Berkeley Packet Filters with Scapy (and Friends)

Valentine Sinitsyn

Issue #242, June 2014

Get to know the language and tools that can take your network filtering rules to a whole new level.

Network filtering is probably as old as networks themselves. If you exchange data with the outside world, it's natural to control what's going in and out. If, however, you capture packets for a good reason (like traffic analysis or intrusion detection), filtering those you are not interested in as early as possible is crucial for performance. The first type of filtering is typically done with a firewall. Berkeley Packet Filter (BPF) is what comes to the rescue in the second case.

Originally, BPF referred to both the capturing technology and its high-performance filtering capabilities. For some Unices (for instance, FreeBSD), this still holds true, and there is a /dev/bpf device from which you can read captured packets. For others, BPF means what it says (the filter), and in this reincarnation, you can find it in various operating systems, including Linux, and with WinPcap and even Microsoft Windows.

BPF filters are programs written in a low-level language similar to assembler (I take a look at that in the last section of this article). These programs are executed by a BPF virtual machine. Most often, this virtual machine resides in the kernel and uses Just-In-Time compilation (JIT) to boost filtering performance. However, user-mode BPF interpreters (useful for debugging purposes or as fallbacks) are available as well—for instance, the one provided with the ubiquitous libpcap library (www.tcpdump.org), the main workhorse behind tcpdump, Wireshark and other popular network tools.

All of this may sound like you need to delve into registers and opcodes just to say you are interested in the packets coming to host 192.168.1.1. Luckily, that's not the case. Of course, if you want (or need) to, you can, but libpcap provides its own high-level filter language that compiles directly to BPF. Largely, this syntax is synonymous with BPF (they are tightly related albeit different things), so I use these terms interchangeably here.

In this article, you'll learn the basics of BPF syntax and also see how it works under the hood.

The Testbed

To get a better idea of what BPF really is, let's go through a set of examples, generating series of packets each time and filtering them as as needed.

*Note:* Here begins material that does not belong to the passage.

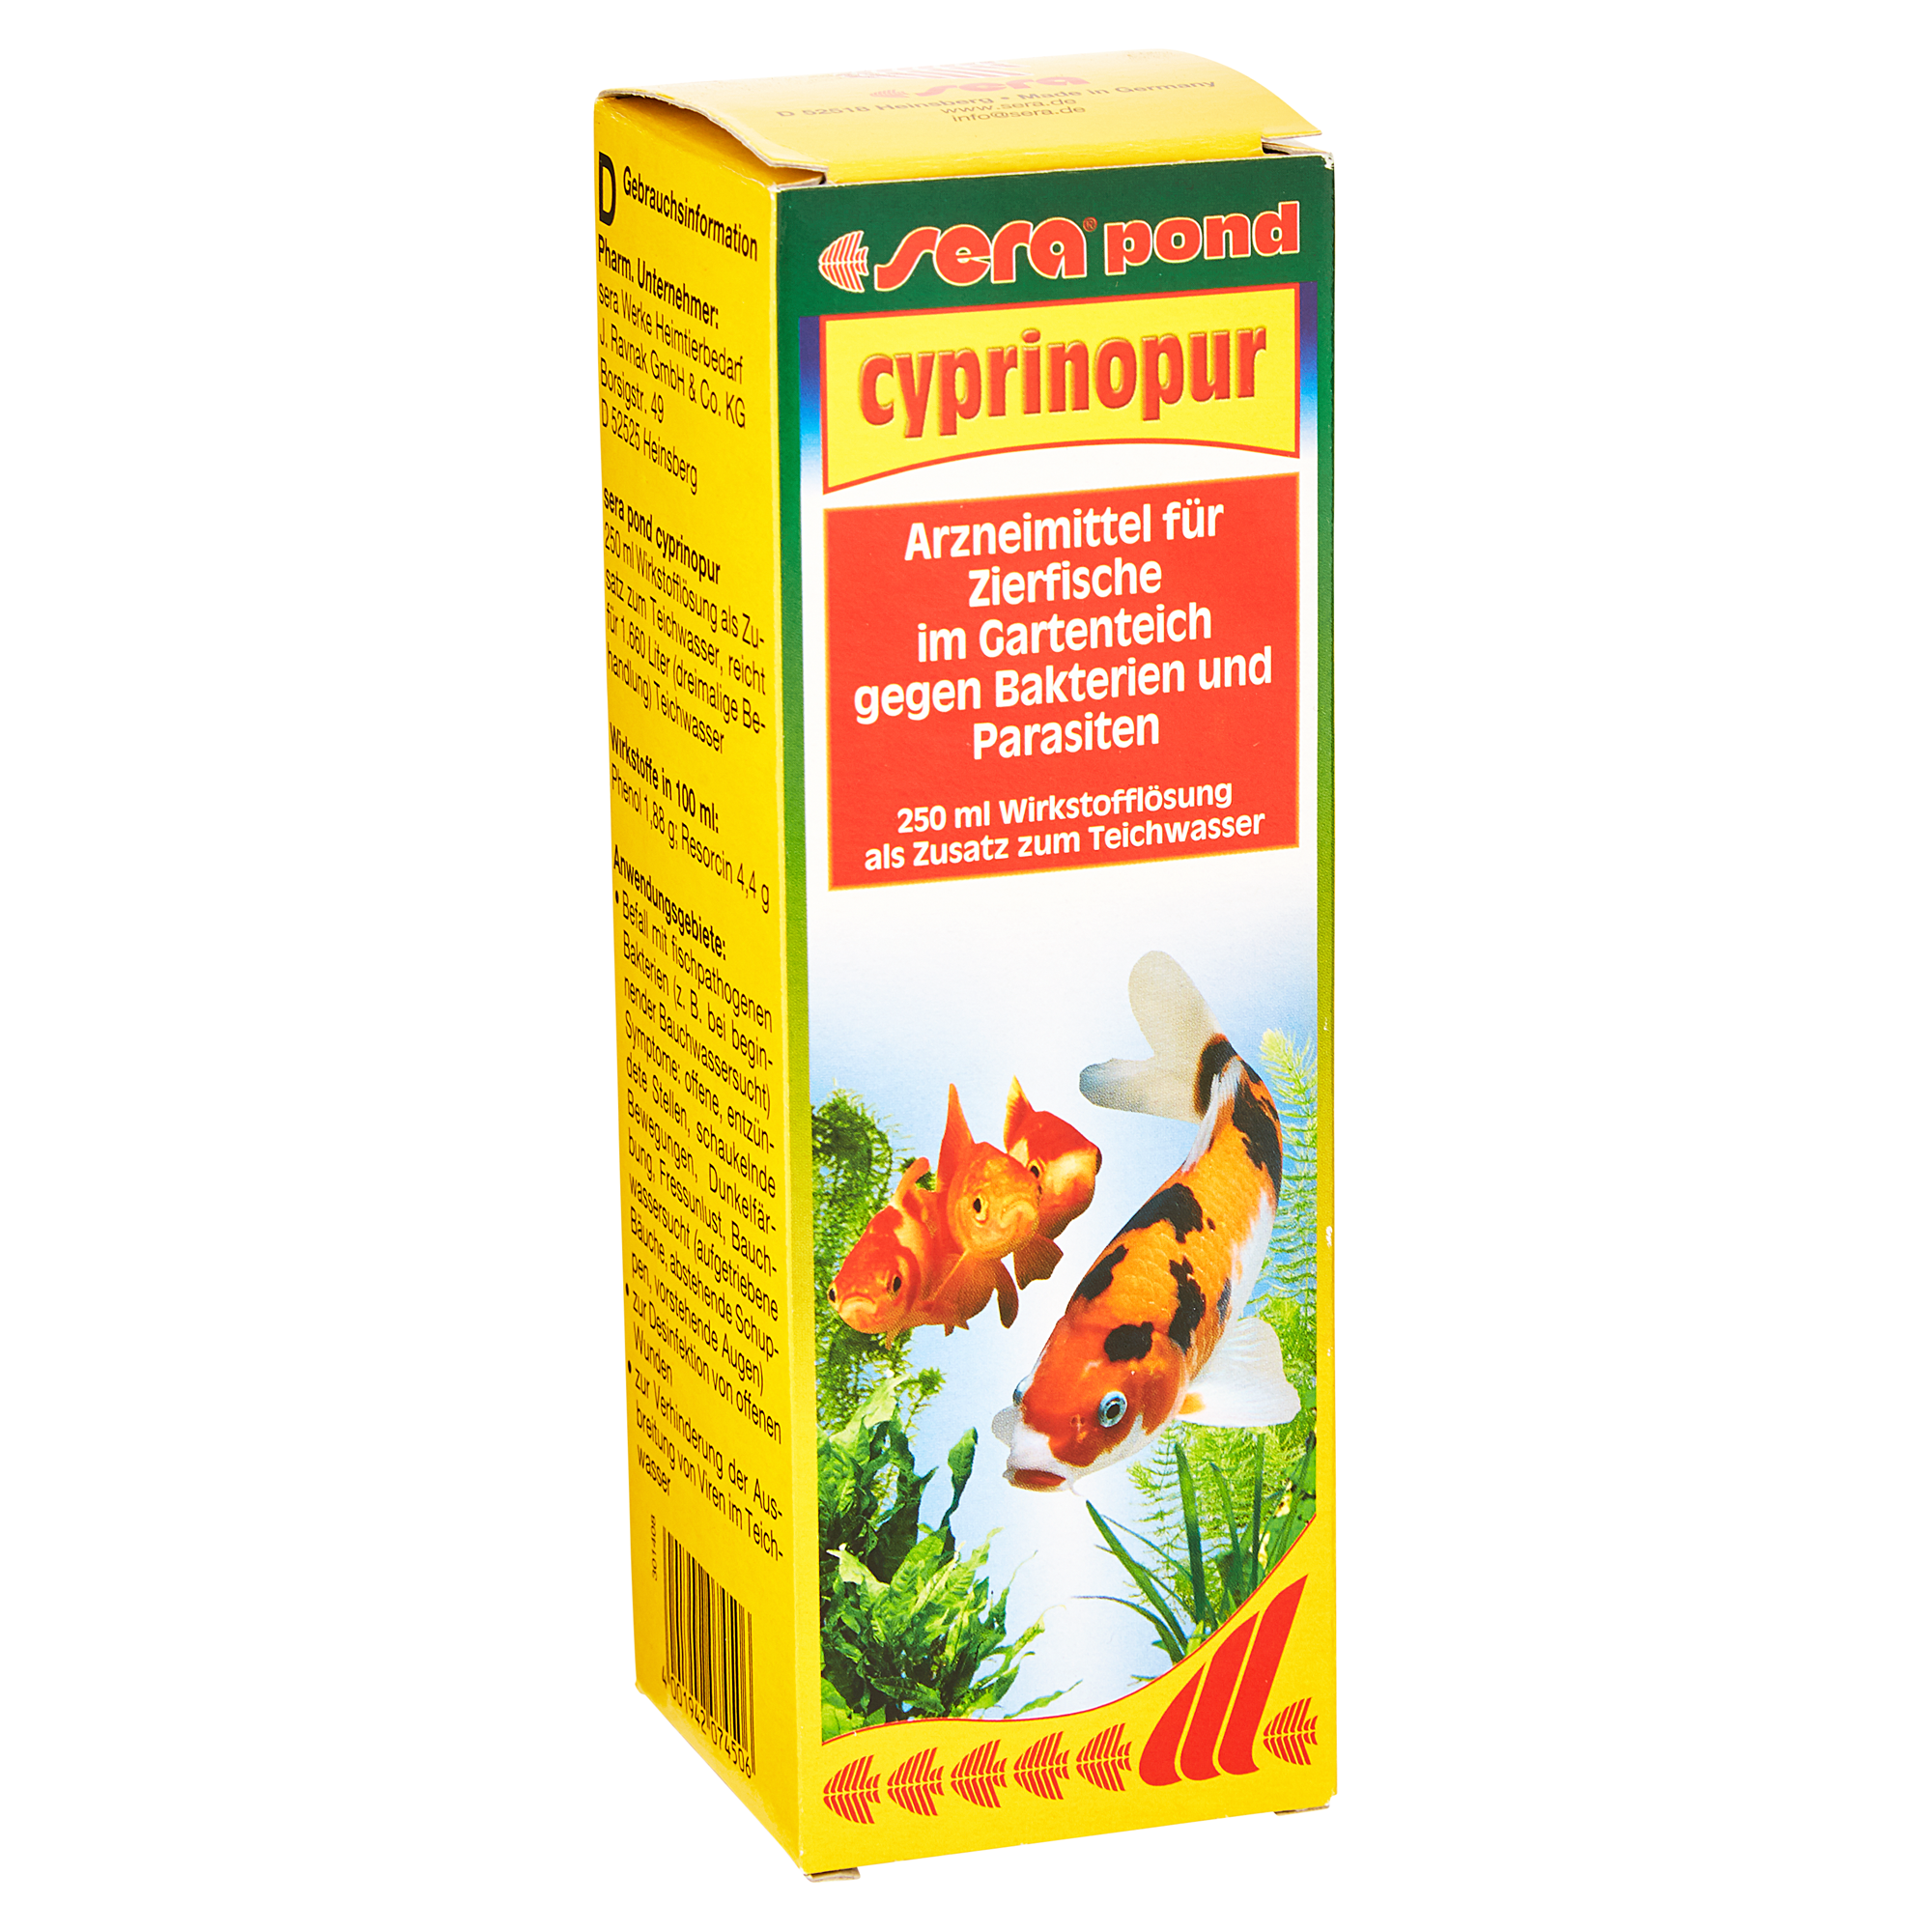 Arzneimittel für Zierfische "sera pond" Cyprinopur 250 ml + product picture

Sometimes these packets will come from a real network application, but other times you will craft them manually. It's not the best idea to allow these forged packets out from the local host, especially if you are on the office network. So the first step will be to create a virtual Ethernet interface.

Linux already has a concept of “dummy” network interfaces, and the kernel module named dummy implements them. Load it, and assign the dummy0 interface a unique IP address:

# modprobe dummy
# ip link set up dev dummy0
# ip addr add 192.168.2.1/24 dev dummy0

Next, you'll need something to craft the packets and capture them subject to BPF filters. An obvious choice here is Scapy (www.secdev.org/projects/scapy), a Python toolkit for packet manipulation. Install it with your package manager or from the sources. Raw packet generation and live traffic capture are considered privileged operations in Linux, so you'll need to run Scapy as root (for example, with sudo).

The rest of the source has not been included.